Praktik terbaik ini telah diperkuat oleh saran ulasan terbaru bahwa manajemen krisis
harus menjadi pendekatan dialogis yang berfokus pada wacana pembaruan daripada sekadar
pemulihan citra.50 Pembaruan menekankan pembelajaran dan tumbuh dari krisis; restorasi
citra adalah tentang membuat organisasi terlihat lebih baik selama dan setelah krisis. Sarjana
komunikasi mengakui peran penting yang dimainkan komunikasi dalam krisis dan
manajemen risiko dan melihat nilai dalam menciptakan kemitraan dengan publik dan
membangun rencana tanggapan daripada sekadar memberi tahu publik jika terjadi kesalahan.

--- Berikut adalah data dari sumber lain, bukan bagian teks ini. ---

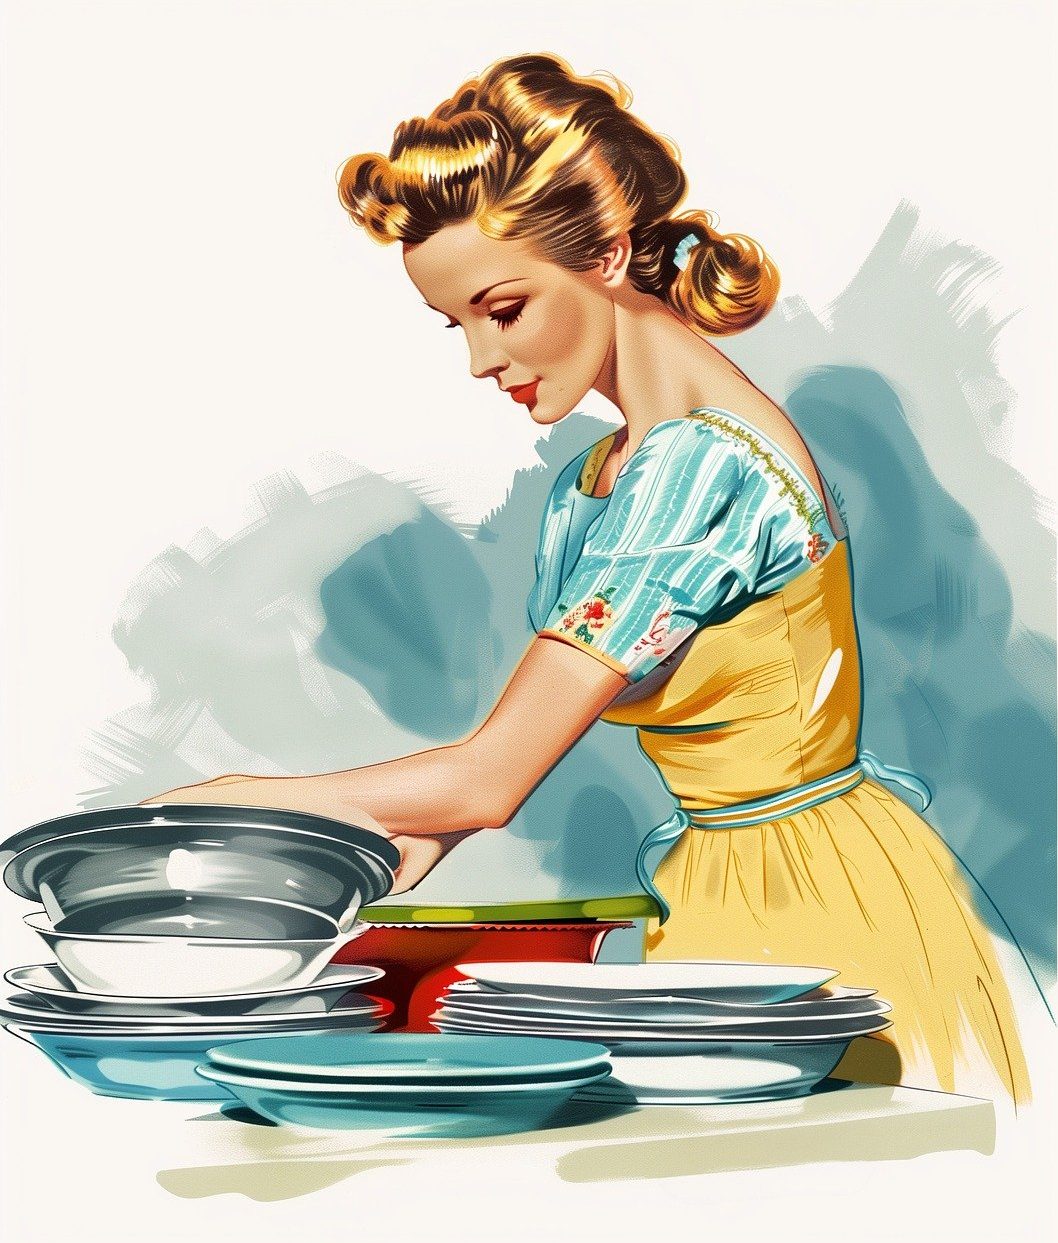 Lavar los platos

Demikian pula dengan teori manajemen informasi termotivasi menggambarkan bagaimana
interaksi dengan yang lainnya dikelola untuk mengurangi ketidakpastian dan kecemasan
dalam situasi krisis. Teori kerangka sikap persepsi risiko menambah area ini dengan
mengilustrasikan peran persepsi risiko dan kemanjuran untuk perilaku individu. Itu bagian
selanjutnya beralih ke topik kesenjangan kesehatan, yang melibatkan faktor risiko juga tetapi
menanggapinya dengan cara yang berbeda.

Sumber dari:

Krisis adalah peristiwa yang membingungkan dan tidak pasti yang menimbulkan banyak stres
tentang komunikator dan sistem. Kebanyakan dari kita memiliki pengalaman terbatas dengan
krisis. Kami menyadari bahwa prinsip berbasis praktik dapat membantu para manajer
mempersiapkan diri dan menanggapi krisis. Praktik terbaik disintesis dari penelitian dan teori
lain dan dapat membantu meningkatkan efektivitas komunikasi tentang berbagai peristiwa
seperti wabah Zika, kecelakaan Fukushima Daiichi, dan penembakan sekolah Sandy Hook.